KORI, REENCONTRADO

Llegué hace 26 años al Sáhara solo. De noche. Sin luz, con frío. Los campamentos eran entonces pura supervivencia, la hamada, casi la nada. Me dijeron que “aquí iba a dormir”. Una jaima, junto a unos cuartitos de adobe. Mi anfitrión, Chej, me dejó solo. Extendí el saco, a luz de la linterna, sobre la estera. Iba a meterme en él cuando por la puerta entró un niño de poco más de seis años. Pelado al cero, iluminado con una sonrisa inolvidable. Toma, me dijo. Y me daba un trozo de tela negra, perfumada. ¿Y esto? Alzam, me dijo. ¿Turbante? ¡Ehé!, turbante. Pero no sabía cómo ponérmelo. Mi maestro de alzam fue un niño de seis años. ¿De parte de quién? ¡De mí, para ti! Ah, y ¿por qué…? Porque si tu no alzam, tú el bérret. ¿El bérret? Hizo el gesto con sus dos brazos. ¿Frío? ¡Ehéeee! Si tú no alzam, tú frío.

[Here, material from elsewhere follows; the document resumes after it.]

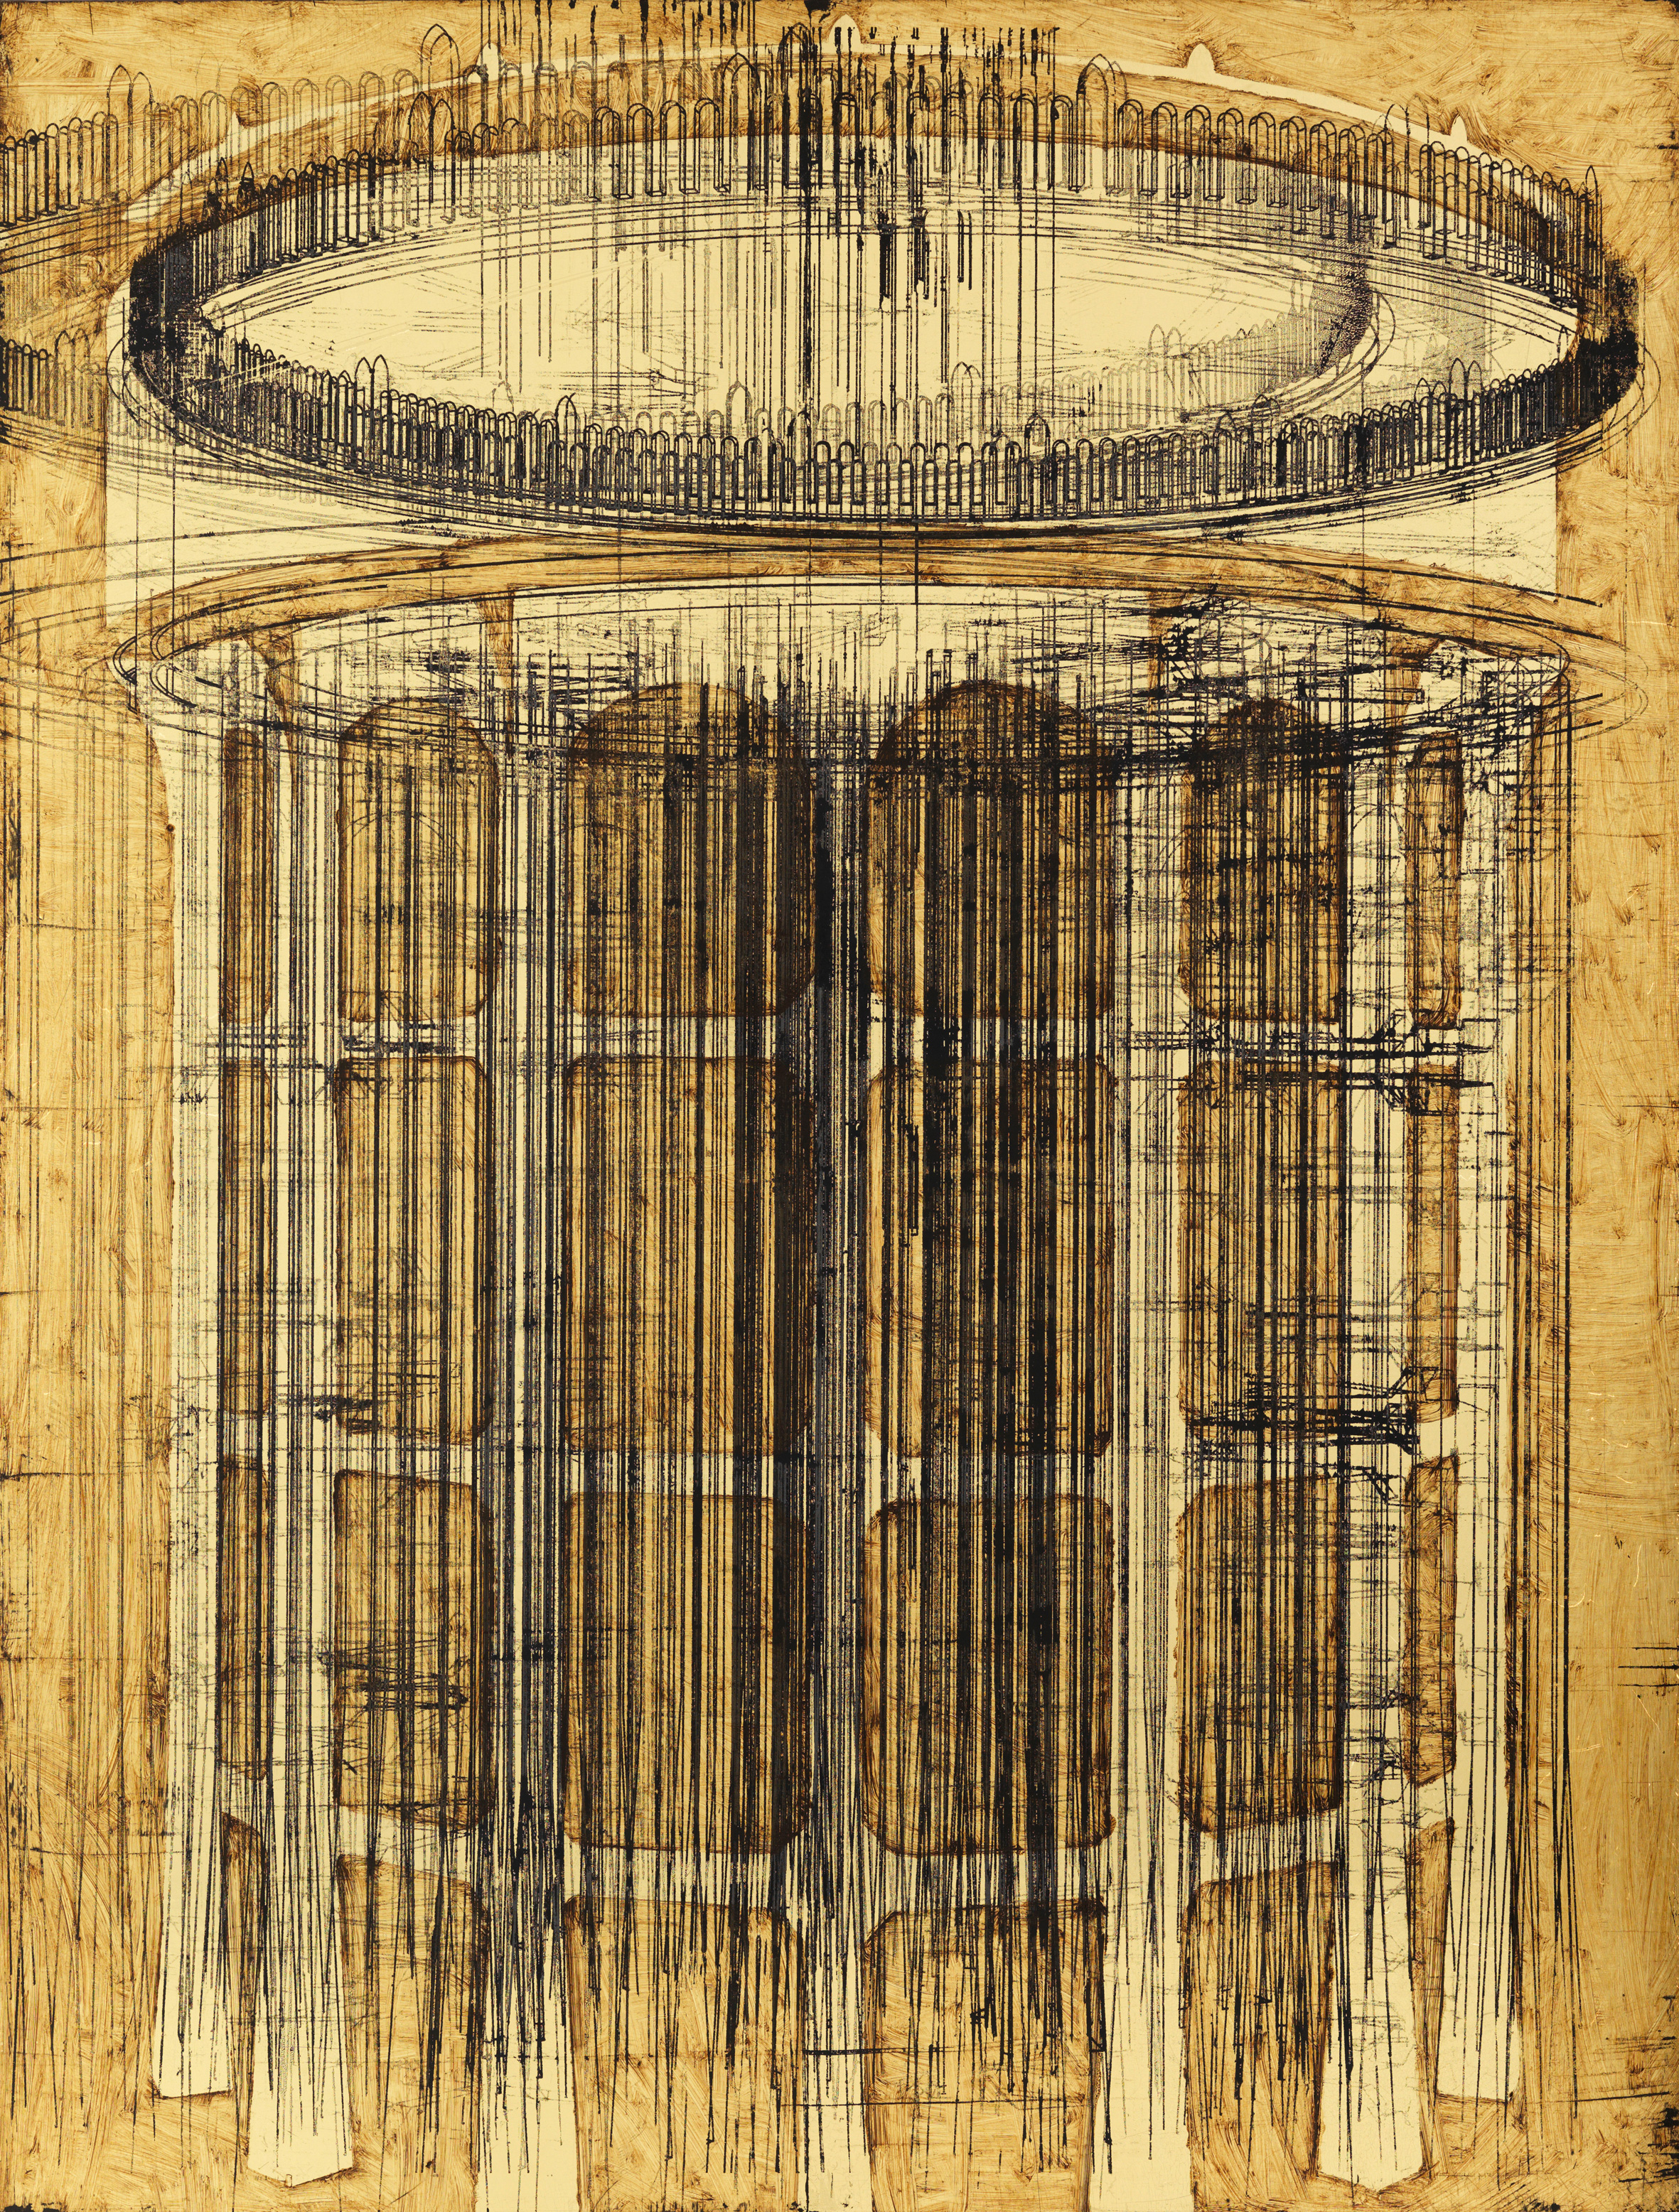 Water Tower (variaciones)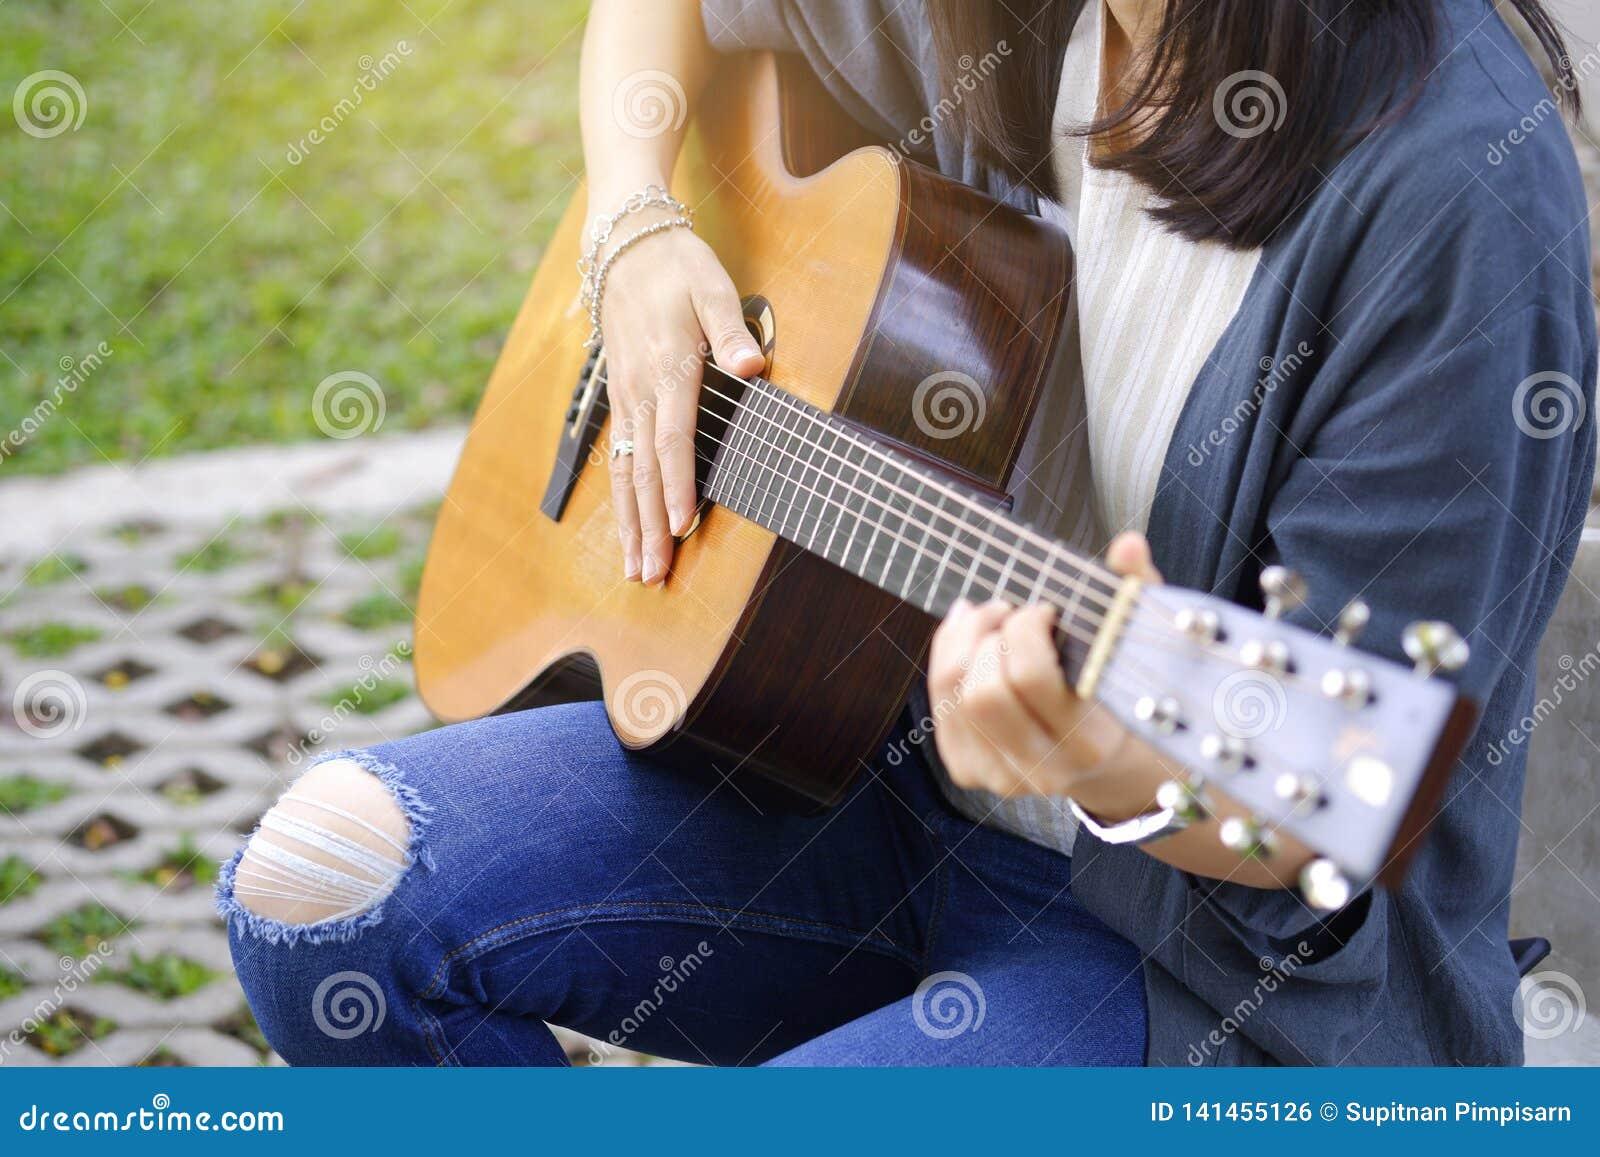 Kvinnor som spelar den akustiska gitarren i trädgården

Luego me sacó a pasear bajo las estrellas. ¡El nuyum! ¿Y la luna? ¡El gamar! Y la mano, leid… Me volvió a llevar a la jaima, cogidos, leidi fi leidi, mano con mano. Yo, Gonzalo, ¿tú? ¡Kori!

Tres años después, una vecina suya, sorda, me preguntó si los camellos hablaban. Yo improvisé para ella un cuento que titulé “Palabras de Caramelo”. El cuento de un niño sordo que amaba a un camellito. El nombre (y el rostro, y la sonrisa) que le di fue Kori.

El 10 de febrero de este año estaba trabajando con otros diez maravillosos voluntarios en la biblioteca de Bojador. Salí a dar un paseo por los alrededores. ¡¿Gonzalo?! Sí. Kori. Qué abrazo tan cálido, cuántos recuerdos compartidos… Cuánta vida. Le llevé a la biblioteca. Os presento a… Kori. Me costó no llorar. A mis compañeros también. Me cuesta, mientras escribo. Me queda la palabra. Y la imagen. Kori. Un niño bueno. Un hombre mejor aún, si cabe. Fiel a su pueblo, fiel a la memoria, para qué decir más.